The IOC undoubtedly needs to consider the legality of its decision regarding Russian athletes very carefully. The Olympic Charter does provide extensive discretion to the IOC concerning participation. In particular, under Rule 40, competitors must "respect and comply with the Olympic Charter and the World Anti-Doping Code" and Rule 44.3 states that "any entry [by an NOC] is subject to acceptance by the IOC, which may at its discretion, at any time, refuse any entry, without indication of grounds". Most pertinently though are the sanctions open to the IOC Executive Board, as provided for in Rule 59 of the Olympic Charter. This states that it may, "in the case of any violation of the Olympic Charter, [or] the World Anti-Doping Code", impose a suspension on NOCs and may "determine in each case the consequences for the NOC concerned and its athletes" (emphasis added). Finally, the IOC's mission in Rule 2 includes (at paragraph 8) the role of "leading the fight against doping and taking action against all forms of manipulation of competitions and related corruption".

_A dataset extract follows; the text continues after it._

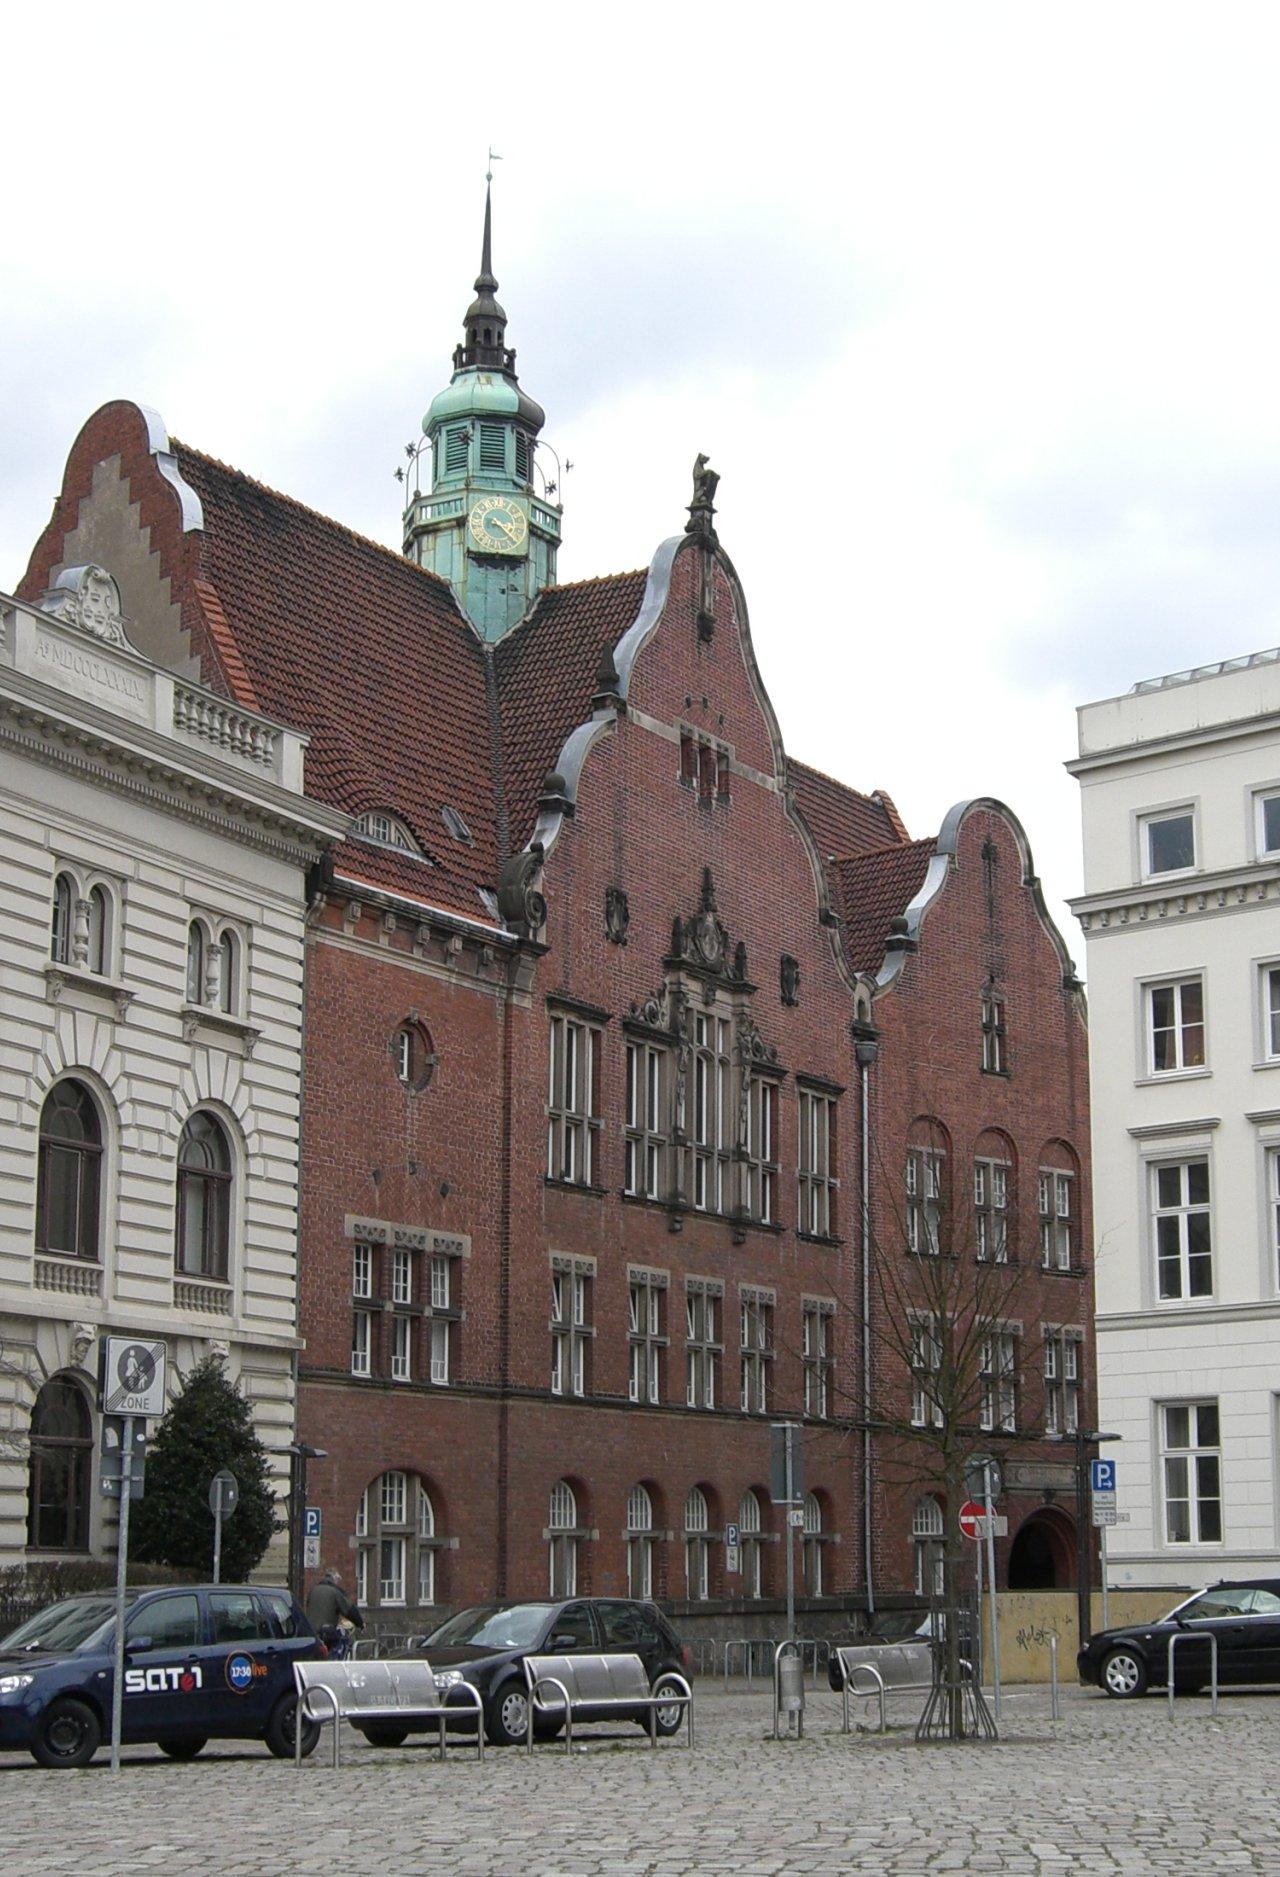 Koberg (Lübeck)

Whilst principles of natural justice must be factored into any decision, the IOC has the jurisdiction and the circumstances in this case are exceptional. It is hard to see how any Russian athlete subjected to the country's anti-doping system could be seen to have complied with the WADA Code given the extent of corruption revealed. This is why the IOC has to take the tough decision on Sunday and implement a wider exclusion of Russian athletes (subject to appropriate criteria for participation as neutral athletes). This may well be thought unfair on certain individuals and they should indeed be given the opportunity to prove they are not tainted. However, they need to look at ARAF and the Russian government, as difficult as that might be, rather than blame the IOC for any forthcoming decision.
The IOC has an important decision on Sunday. It cannot shirk its responsibilities. To do so would be to inflict lasting damage on the Olympic movement and sport more generally. It would also undermine clean athletes the world over and signal to dopers and sponsors of doping that the door remains open. That is critical because the worry is that Russia is almost certainly not the only culprit. It may be that the revelations have only just begun.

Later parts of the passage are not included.